Latest @google/genai with 2.5 flash ignoring thinking budget

I am asking gemini 2.5 flash with the latest genai js sdk to extract information from a png image, I call the generateContent command and pass a config like so

config: {
            systemInstruction: `look at the picture and extract the parts`,
            temperature: 0,
            thinkingConfig: {
              thinkingBudget: 4096,
            },
            maxOutputTokens: 8096
}

I also pass a json schema as well. The problem is the model seems to be ignoring the thinking budget and having “runaway thoughts” if i increase the max tokens it will think until it hits the max tokens.

usageMetadata: {
[0] promptTokenCount: 1886,
[0] totalTokenCount: 9981,
[0] trafficType: ‘ON_DEMAND’,
[0] promptTokensDetails: [ [Object], [Object] ],
[0] thoughtsTokenCount: 8095
[0] }

EDIT:
I just removed the json schema from the call and it seems to respect the thinking budget now. so it appears that is the problem. Also if i reduce the thinkingbudget to like 1024 then it seems to respect it more often.

1 Like

This is a pretty bad bug that almost makes gemini unusable with any complex thinking where you need an output format. When will this be fixed?

1 Like

Can someone from google please look at this?

Really shocked google hasnt even responded or acknowledged this issue. it makes thinking unusable with json schemas

1 Like

exactly the same thing I’m experiencing

Hi @Justine_Chang,

Can you share a scenario where such behavior is observed.

It helps us to reproduce and investigate the issue.

I shared the steps above, you give it a thinking budget with a json response schema. my config has a thinkingConfig with a budget of 4096. if i ask gemini to extract the parts from an image it will run over the budget until it runs out of tokens. if I remove the json schema then it respects the limit.

I would say the instructions from cor are correct.
It doesn’t happen all the time, maybe 1 in 50 times, but I’m processing thousands and thousands of times, so that’s how it can happen.

I think if you have a script that makes a request to Gemini 2.5 Flash, and you request for structured output.
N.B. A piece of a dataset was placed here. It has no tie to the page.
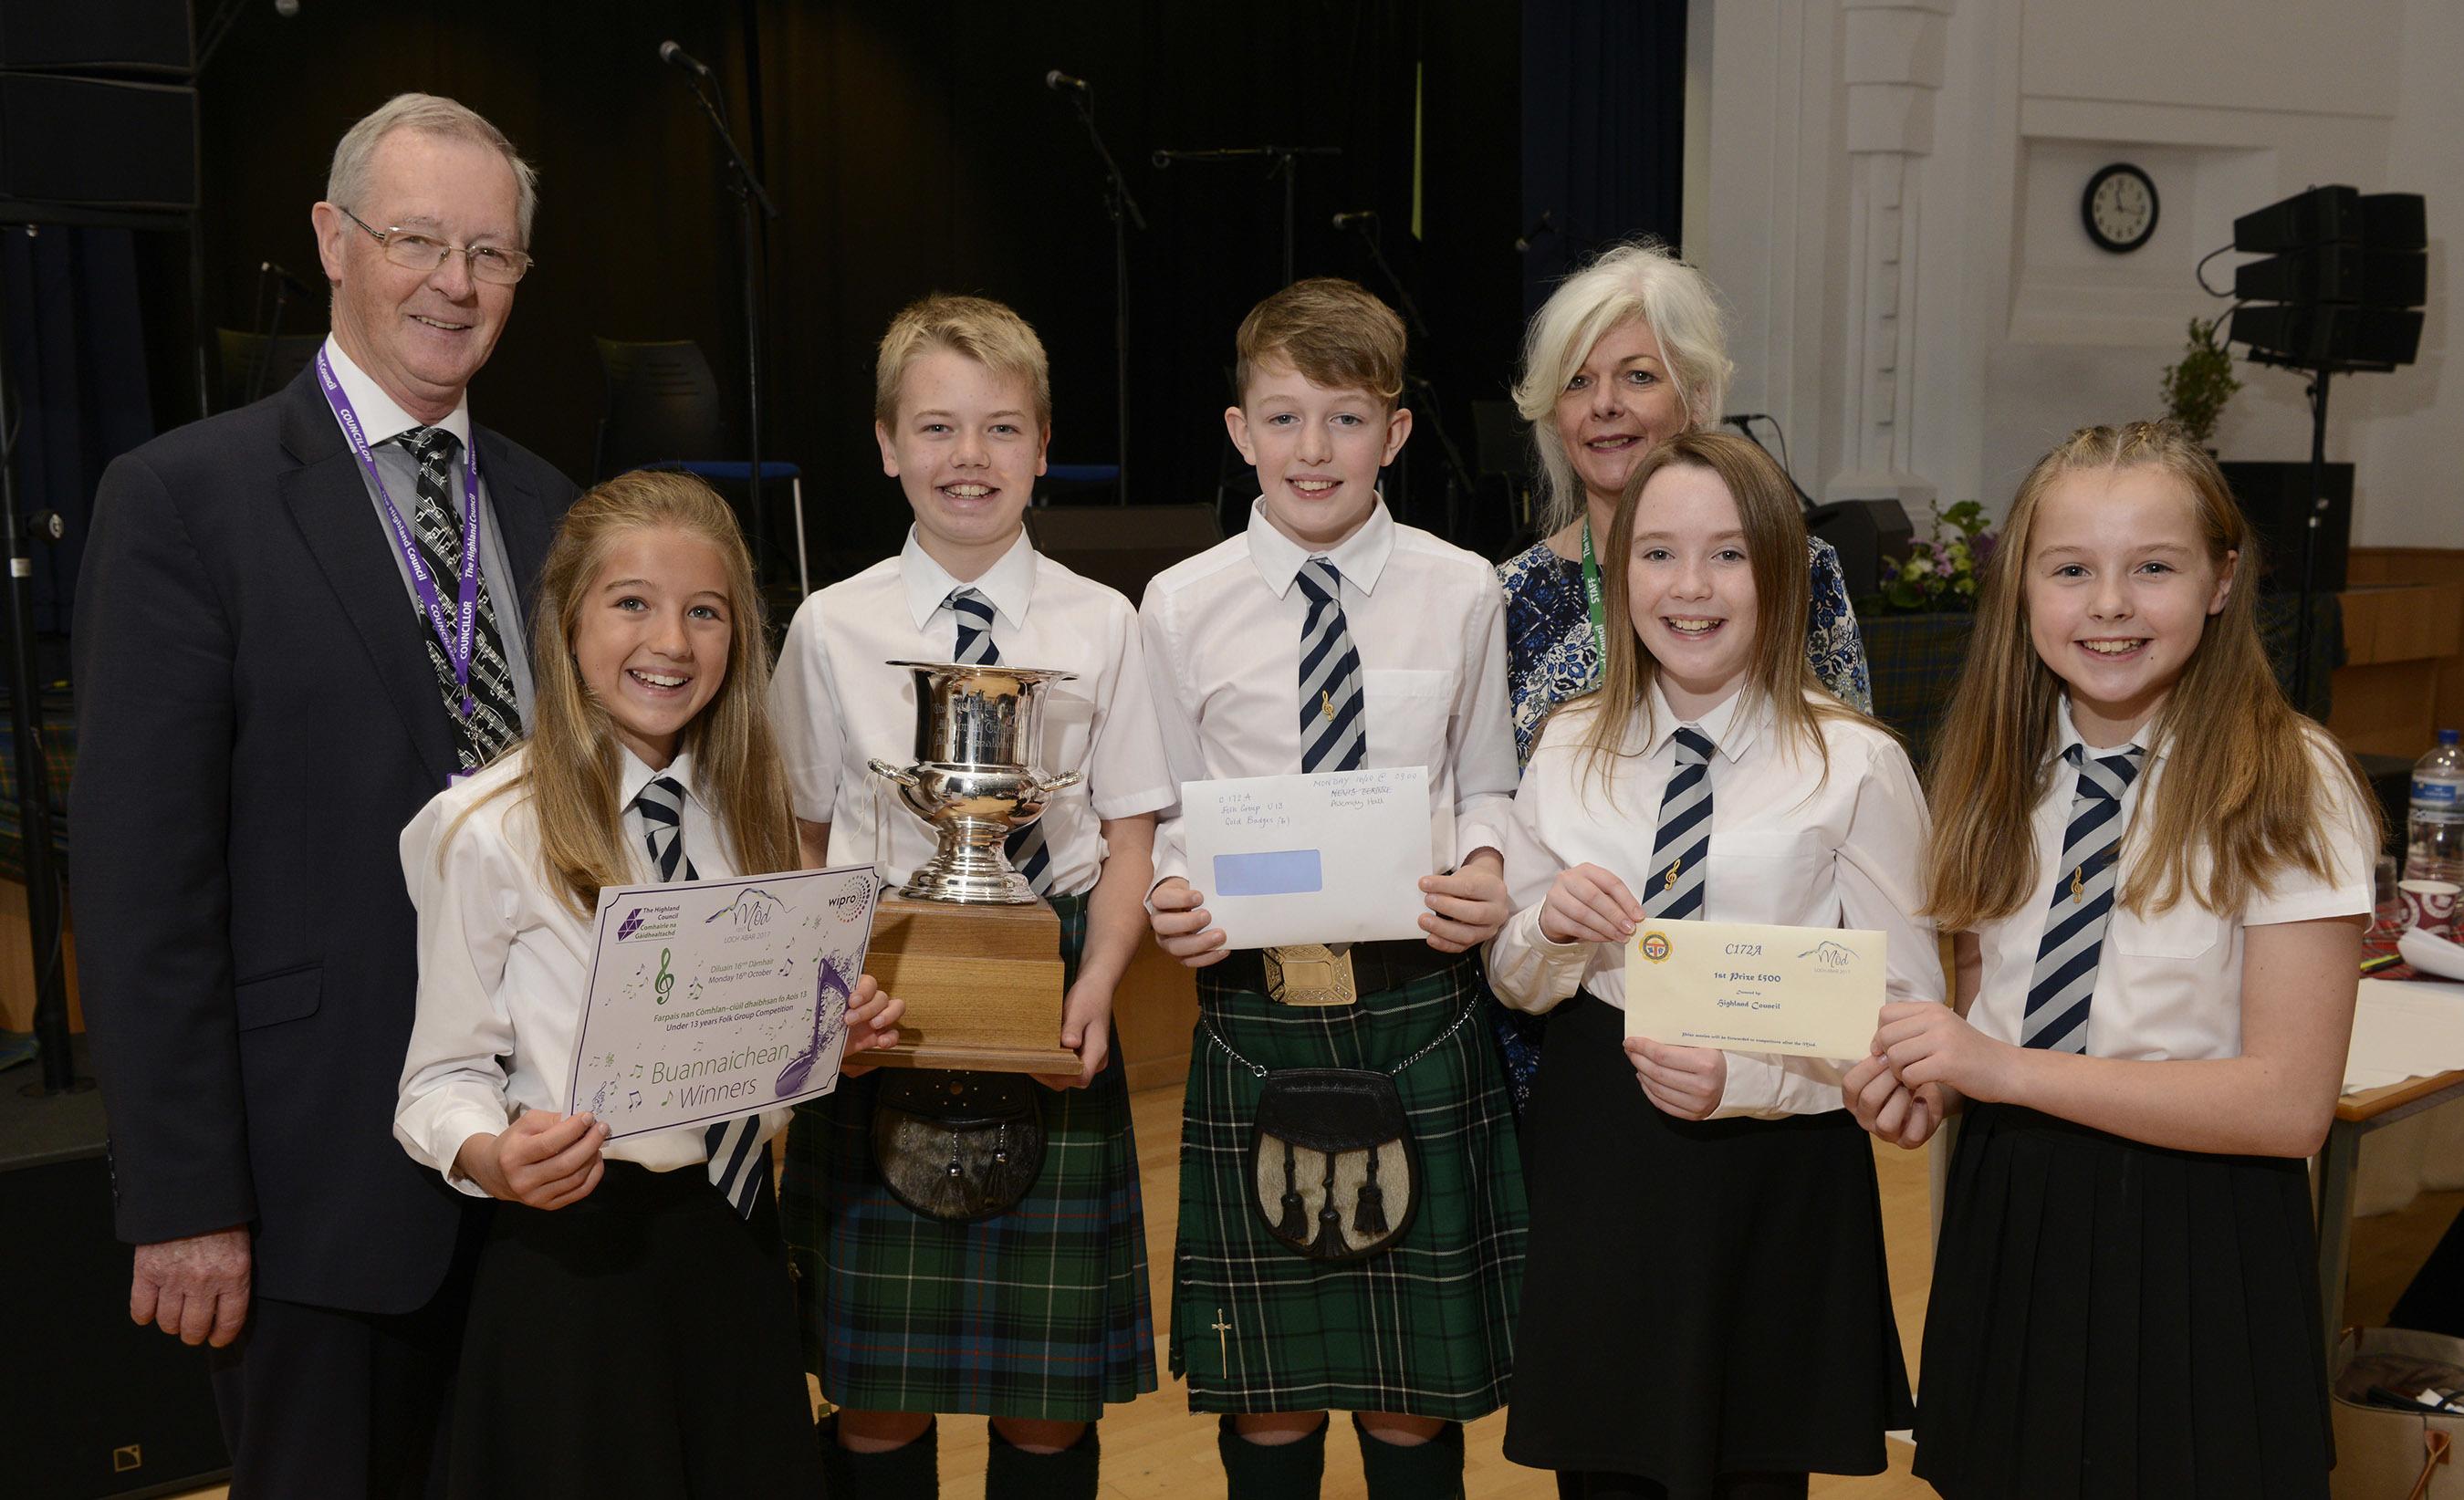 Councillor Allan Hendeson and Morag Anna Macleod of the Highland Council present the award to Dingwall singers (left - right)  Mhairi MacKenzie, Ruaraidh Drennan, Finlay MacLennan, Andrea MacDonald and Isabelle Rose.

Loop it 1000 times, you should hit it at least once.

Im experiencing the same issue, but only with the latest gemini-2.5-flash-preview-09-2025 model. The code in my post reproduces it every time. It only happens when you request JSON output.

Hi @all,

Thanks for flagging this issue.

A fix has been rolled-out for this issue early this week.

I just tested using gemini Flash-Lite-Latest model and it’s working fine.. Please check if you are still facing this issue.

I just tested using gemini Flash-Lite-Latest model and it’s working fine.. Please check if you are still facing this issue.

I just tested thinking_budget=0 on gemini-2.5-flash-preview-09-2025 and it continues to output thinking tokens, as discussed here.